On September 17, 1900, Michael Benedum and Joseph Trees formed the Benedum-Trees Oil Company and, in 1907, moved offices to Pittsburgh where their oil and gas interests continued to flourish. By the mid-1920’s Michael Benedum was ruler of a complex industrial empire and chief stockholder in half a dozen enterprises. From that time until his death, his empire continued to expand, with oil fields developed not only in many states of the U.S. but in foreign countries. However, Michael Benedum often declared, “I would rather find an oil field in West Virginia that did not bring me one dollar of profit than to discover one elsewhere that brought millions."

He retained a lifelong affection for West Virginia, Bridgeport, Clarksburg and Harrison County which he expressed through many philanthropic projects. The first was the restoration and beautification of Bridgeport Cemeteries.

Next came the construction of a new Methodist Church, completed in 1953 and known as one of the most beautiful small churches in the country.
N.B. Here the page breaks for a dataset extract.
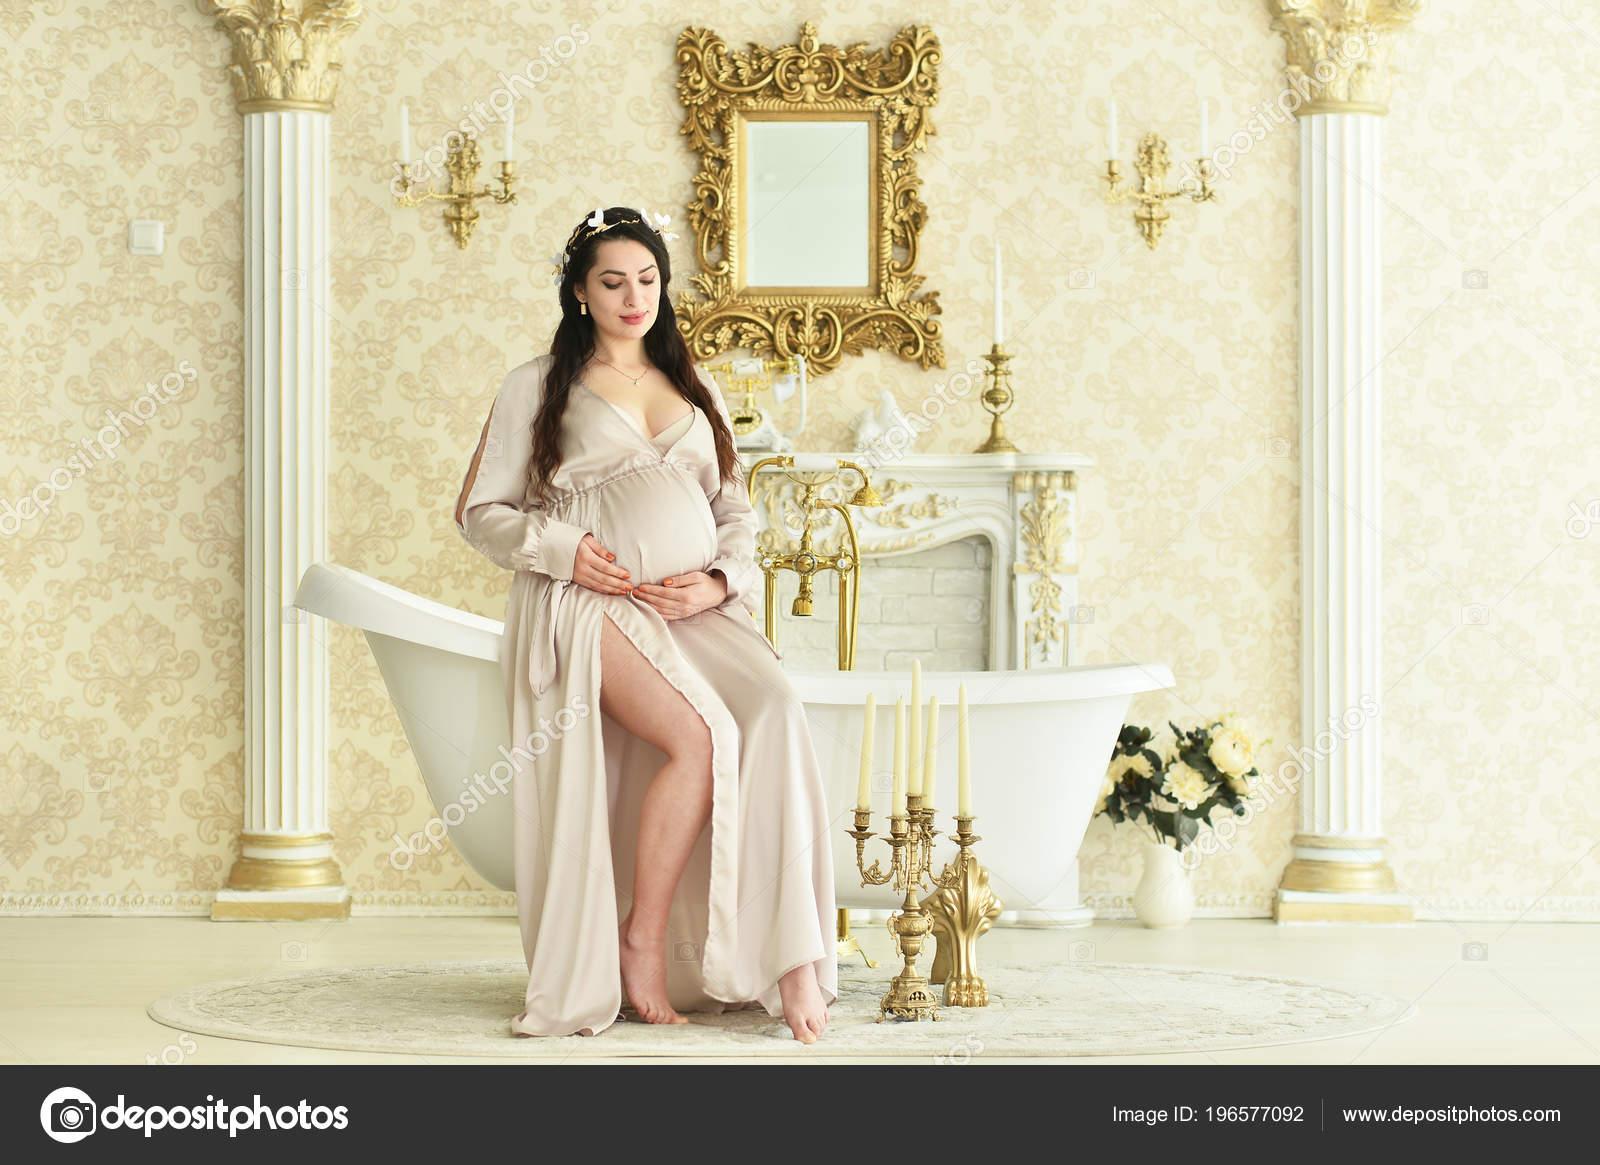 Vasca Da Bagno Gravidanza : Bella donna incinta che posa vasca bagno u2014 foto stock © aletia

Its outstanding feature in a magnificent stained glass window in memory of Michael and Sarah’s beloved only son and child, Claude, who died of pneumonia in 1918 at age 21 while in military service.

The most recent project was a Civic Center for the citizens of Bridgeport, located at the site of the home where Michael Benedum was born and reared.

In 1944, Michael and Sarah established the Claude Worthington Benedum Foundation, another memorial to their son, for the purpose of furthering higher education for deserving West Virginia boys and girls in addition to aiding charitable, religious, scientific and educational institutions.

Michael Benedum’s philanthropies encompassed a wide range of interests, always for the benefit of his fellow man. His concern for the welfare of others was part of the man, not the legend. To all who came in contact with him, he was a very “human” being, remembered with warmth and esteem.

In his lifetime, Michael Benedum was the recipient of numerous honors – among them the title “Oil Man of the Century: conferred upon him by the city of Pittsburgh in 1955, and in 1956 “Foremost Oil Pioneer of All Time” by the West Virginia Oil and Natural Gas Association. There were also several honorary college degrees, but he declared on the dedication of Benedum Airport in Clarksburg that none of the many honors he had received “meant one-half so much to me as this expression of respect and good will of the people of Clarksburg and Harrison County.”

Michael Late Benedum, the greatest wildcatter of them all, died in 1959.